21: Howard Dean appears on Meet the Press to deny that he expressed joy over the stock-market collapse. " I was punching the air, not pumping my fist, " a visibly irritated Dean tells Tim Russert. " And what I actually yelled was ‘Spank you, God!’ I was angry. " Dean goes on to add, " Grrr " before being muffled by his own necktie.

26: The local Catholic archdioceses, under increasing financial pressure, launch a new line of grocery products. Two items in particular — Great Bloody Cabernet! and Jesus, That’s a Good Cracker! — are immediate hits.

February

3: The US military, under pressure from truth-in-advertising groups, names its new line of Black Hawk helicopters the Black Hawk Down.

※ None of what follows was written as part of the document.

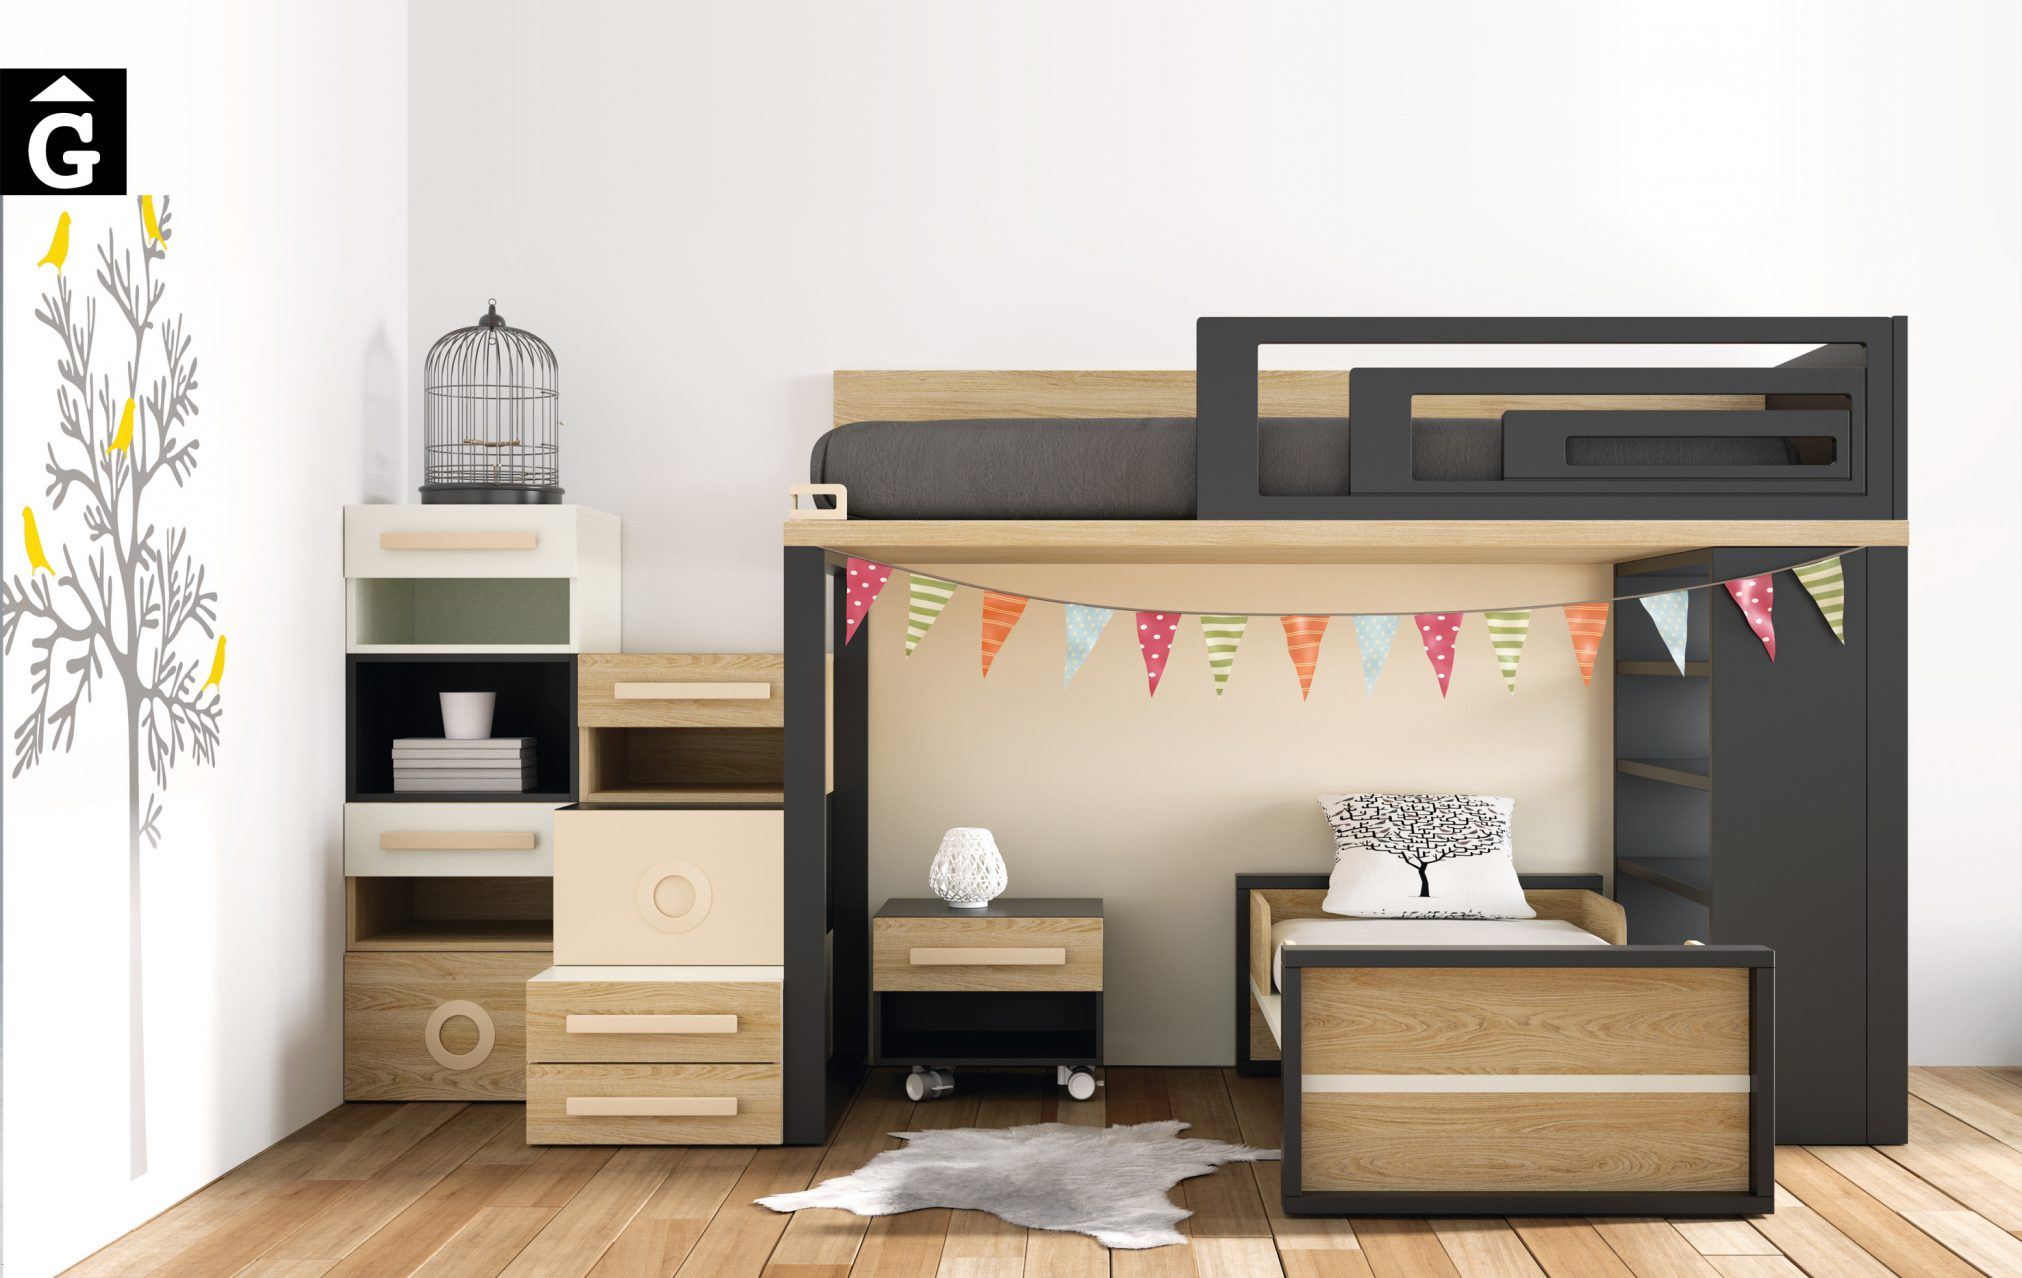 Lagrama llitera VIENA habitacions juvenils by mobles Gifreu Porqueres Girona

15: Famously rumpled politician Barney Frank appears on the first episode of Bravo’s new reality TV show Queer Eye for the Queer Guy. On the show, the congressman’s spectacles are described as " impeachable. "

19: The term " campaign rage " enters the national lexicon.

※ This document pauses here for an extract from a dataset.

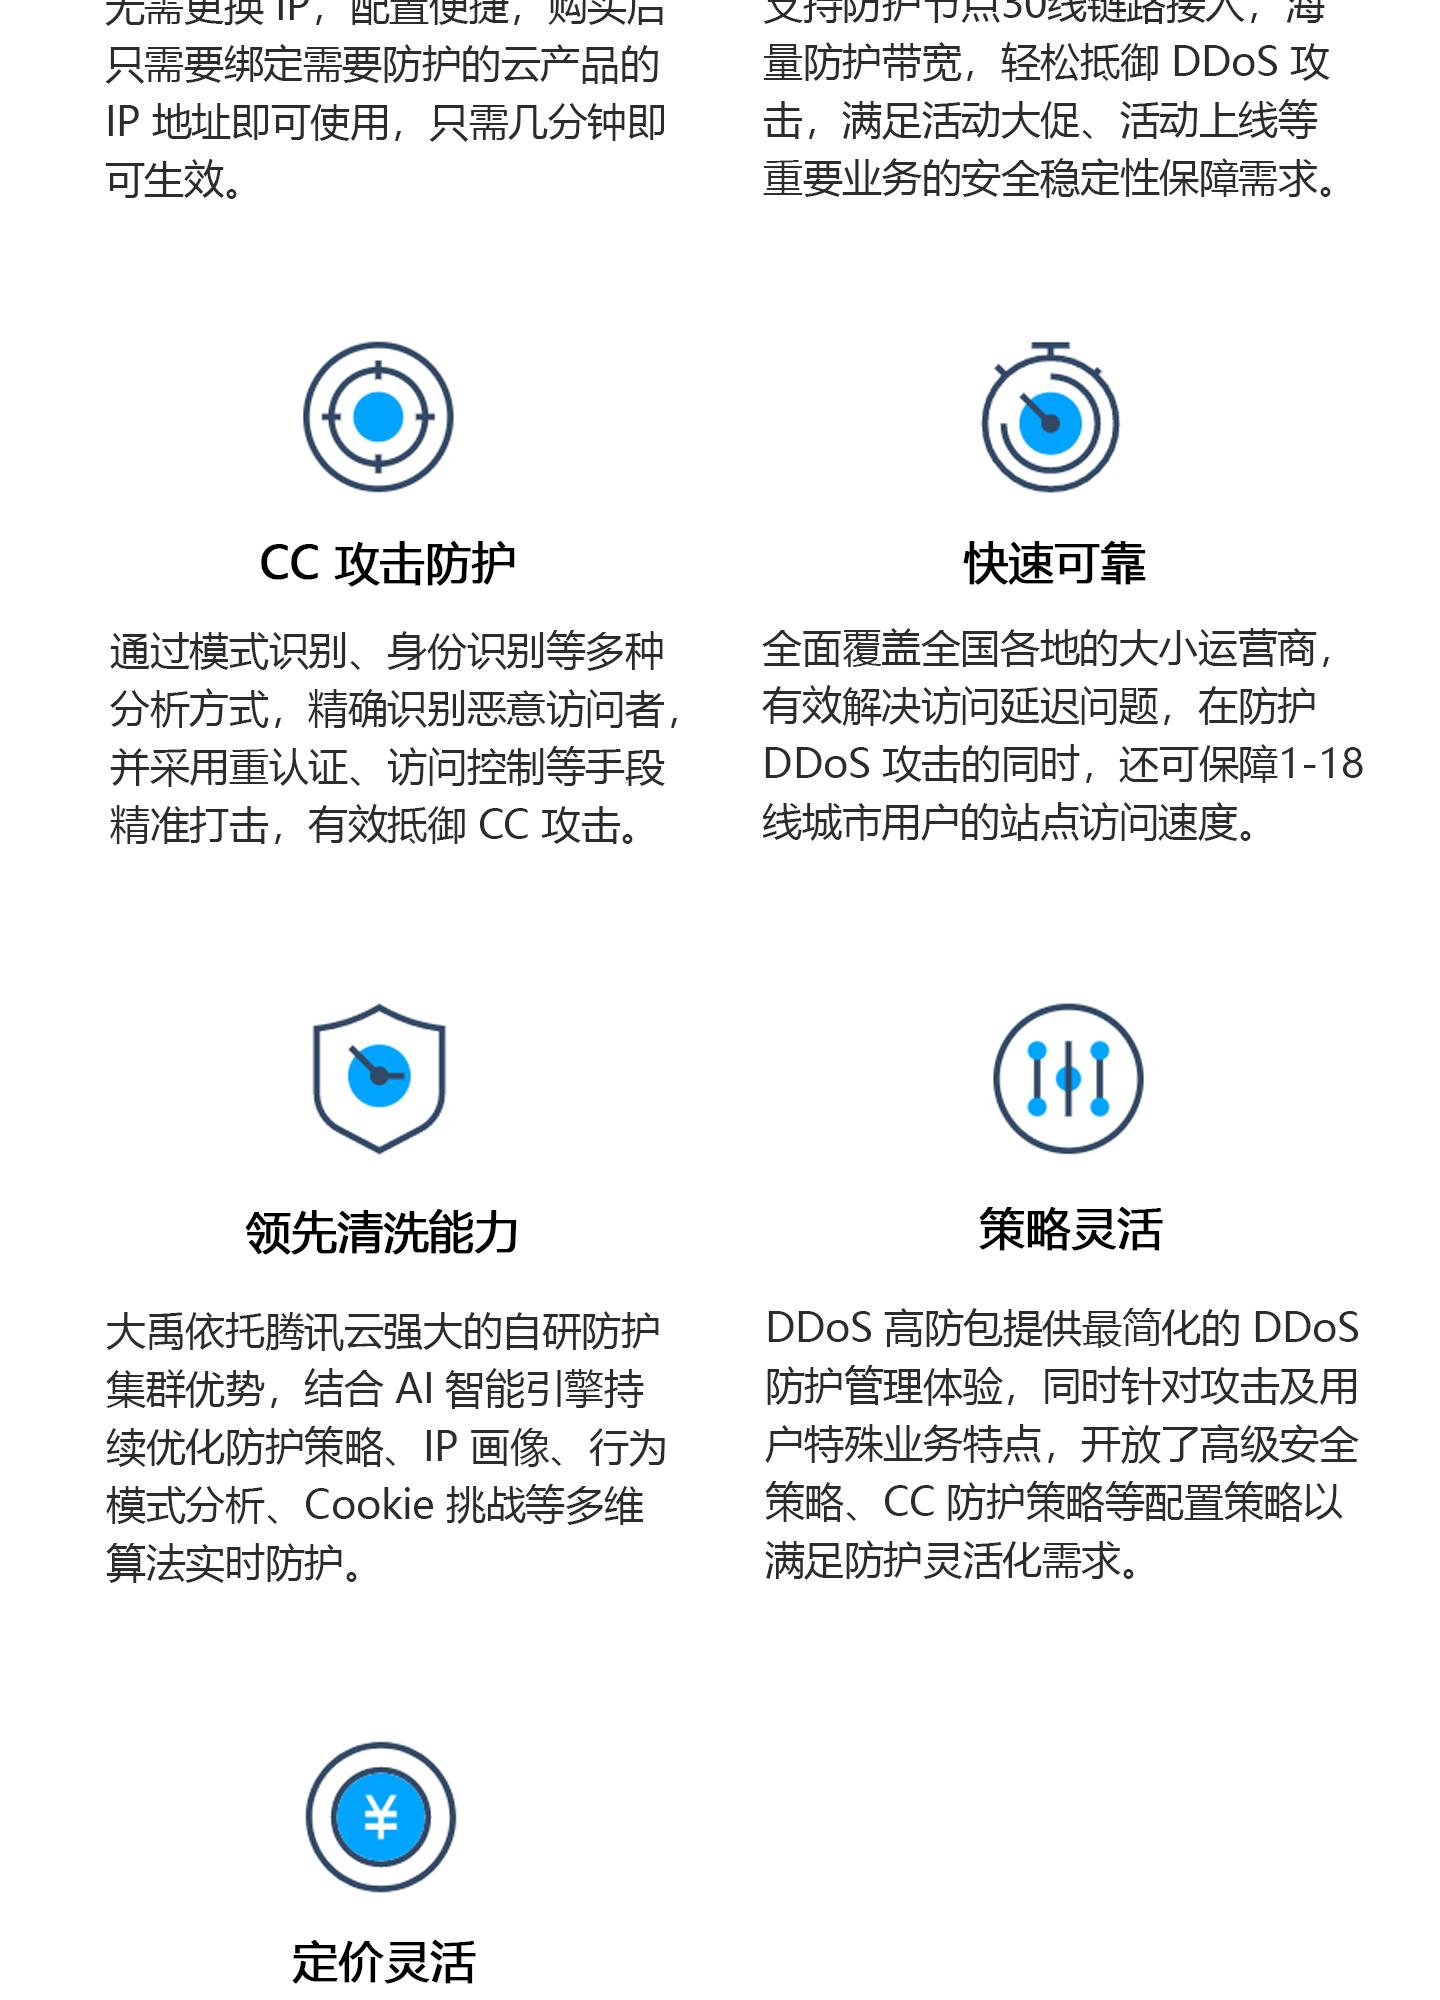 T-Sec-DDoS-高防包1440_02.jpg

25: Mel Gibson’s long-awaited film The Passion of the Christ opens to disappointing reviews. Critics take particular exception to a scene in which Danny Glover, in the role of Pontius Pilate, rolls his eyes and says, " I’m getting too old for this shit. "

26: Inspired by ’N Sync member Lance Bass’s $20 million quest to travel into space, Michael Jackson offers the European Space Agency $50 million to make him the first human to probe Ursa Minor.

29: The Lord of the Rings: The Return of the King becomes the first movie in history to win every single Oscar category, including Best Sound Editing for a Musical Documentary from a Former Soviet Bloc Nation.

March

2: The Boston Red Sox announce that the team will trade right fielder Trot Nixon to the Baltimore Orioles for left fielder Larry Bigbie, a trade that will see Boston pitcher Alan Embree moving to the Cincinnati Reds while Reds catcher Jason LaRue moves to the Florida Marlins, who will in turn send outfielder Chip Ambres to the Tampa Bay Devil Rays in return for infielder Aubrey Huff, who will move to Boston in exchange for first baseman Kevin Millar and first-choice peanut vendor Terrence Gatt. " The trade is definitely to our advantage, " says Red Sox GM Theo Epstein. " I think. "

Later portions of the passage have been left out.